Figures 1a,b indicate that HESS J1731-347 and PSR J1231-1411 (Case I), can both be reconciled within the range of parameters that are compatible to the latter, while also respecting the maximum-mass constraints imposed by PSR J0952-0607. This region is characterized by small values for the bag constant, close to the minimum possible one, and large values for the color superconducting gap. As a result, the CFL EOS is extremely stiff, leading to very high maximum masses for all $(B, Δ)$ pairs (above $3 M_{⊙}$ ). The latter is demonstrated in Figure 2b, where the maximum masses for all $(B, Δ)$ combinations of the purple region of Figure 1b are calculated (for the $a_{4} = 0.7$ case).

Figure 2

Figure 2. (a) Mass-radius curves that are compatible with PSR J1231-1411 Case I (solid lines) and Case II (dashed lines), with $a_{4} = 0.7$ . The $B - Δ$ pairs utilized are representative of the purple region (Case I) and the region between the purple dashed lines (Case II), see Figures 1b,d. The numbers above each curve represent the $(B, Δ)$ pairs in $(M e V \cdot f m^{- 3}, M e V)$ . (b) Close-up of PSR J1231-1411’s (Salmi et al., 2024a) parameter space considering Case I with $a_{4} = 0.7$ , plotted together with the maximum masses reached in this window. Notably, a minimum maximum mass of $\sim 3 M_{⊙}$ is needed. (c) Parameter space that is compatible with PSR J0952-0607 (Romani et al., 2022), PSR J0030+0451 (Miller et al., 2019), HESS J1731-347 (Doroshenko et al., 2022), PSR J0437-4715 (Choudhury et al., 2024) and PSR J1231-1411 (Qi et al., 2025) (Case II) measurements, including the maximum masses reached. This area corresponds to the region between the upper limit of PSR J0030+0451 and the lower one of PSR J1231-1411, see Figure 1d.
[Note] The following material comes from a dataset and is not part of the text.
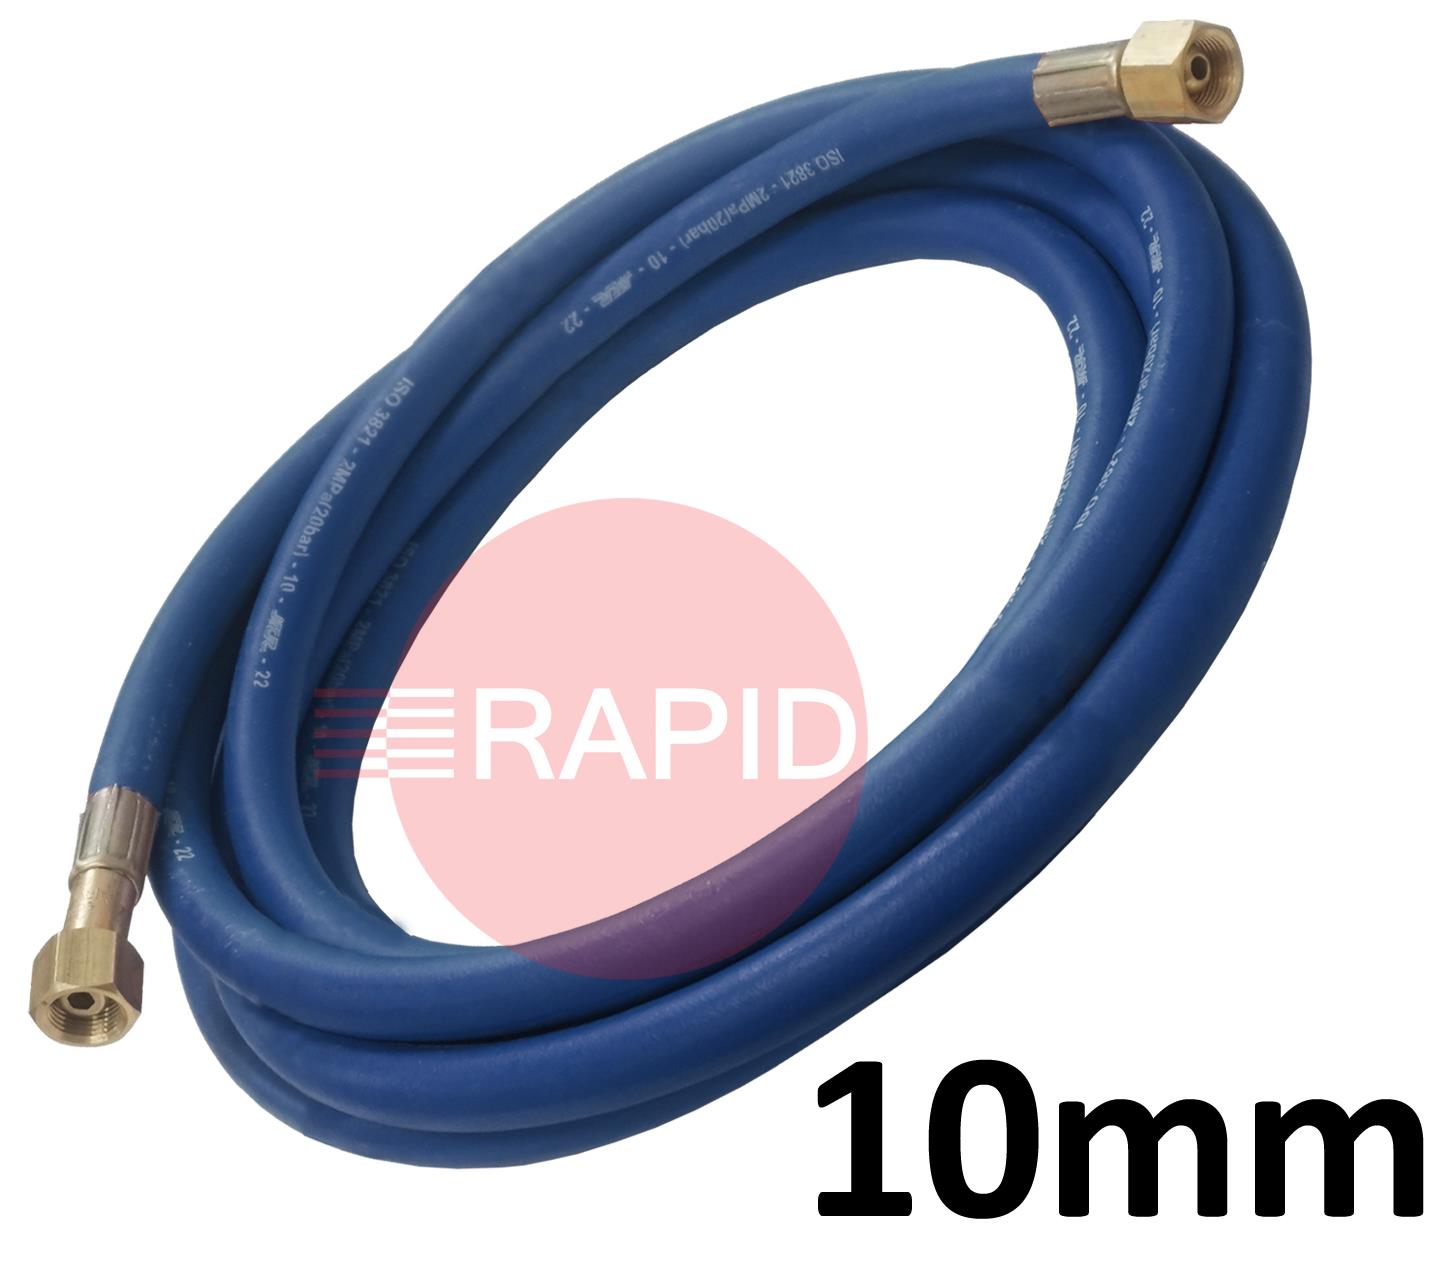 A5119  Fitted Oxygen Hose. 10mm Bore. G3/8 Check Valve & G3/8 Regulator Connection - 20m

Another interesting point from Figures 1a,b is related to the fact that the parameter spaces which are compatible with PSR J0437-4715 and PSR J1231-1411 (Case I) do not overlap at the $1 σ$ level, implying that they cannot be simultaneously explained within this model. However, this tension is mild, as we have checked that a narrow common parameter space exists, when considering the $2 σ$ estimation for PSR J0437-4715 (see Figure 2a, where we have plotted the $M - R$ diagrams for representative EOSs which are compatible with PSR J1231-1411).
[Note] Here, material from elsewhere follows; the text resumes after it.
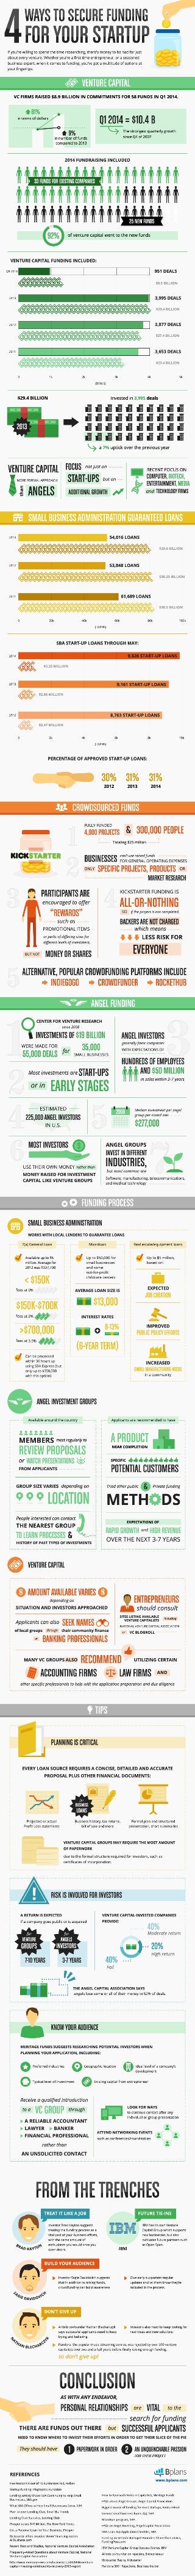 4 Ways to Secure Funding for Your Startup [Infographic]

Considering Case II, Figures 1c,d show that there is a small range of parameters which is compatible with all measurements at the $1 σ$ level (of course except XTE J1814-338). These areas are defined by the lower boundary from PSR J1231-1411 (purple dashed line) and the upper limit from PSR J0030+0451 (gray region). Notably, for PSR J0030+0451 we employed the measurement of Miller et al. (2019). The aforementioned common areas do not change significantly when adopting the measurements of Riley et al. (2019), and they would increase when using the lower (regarding the radius) of the three estimations provided by Vinciguerra et al. (2024).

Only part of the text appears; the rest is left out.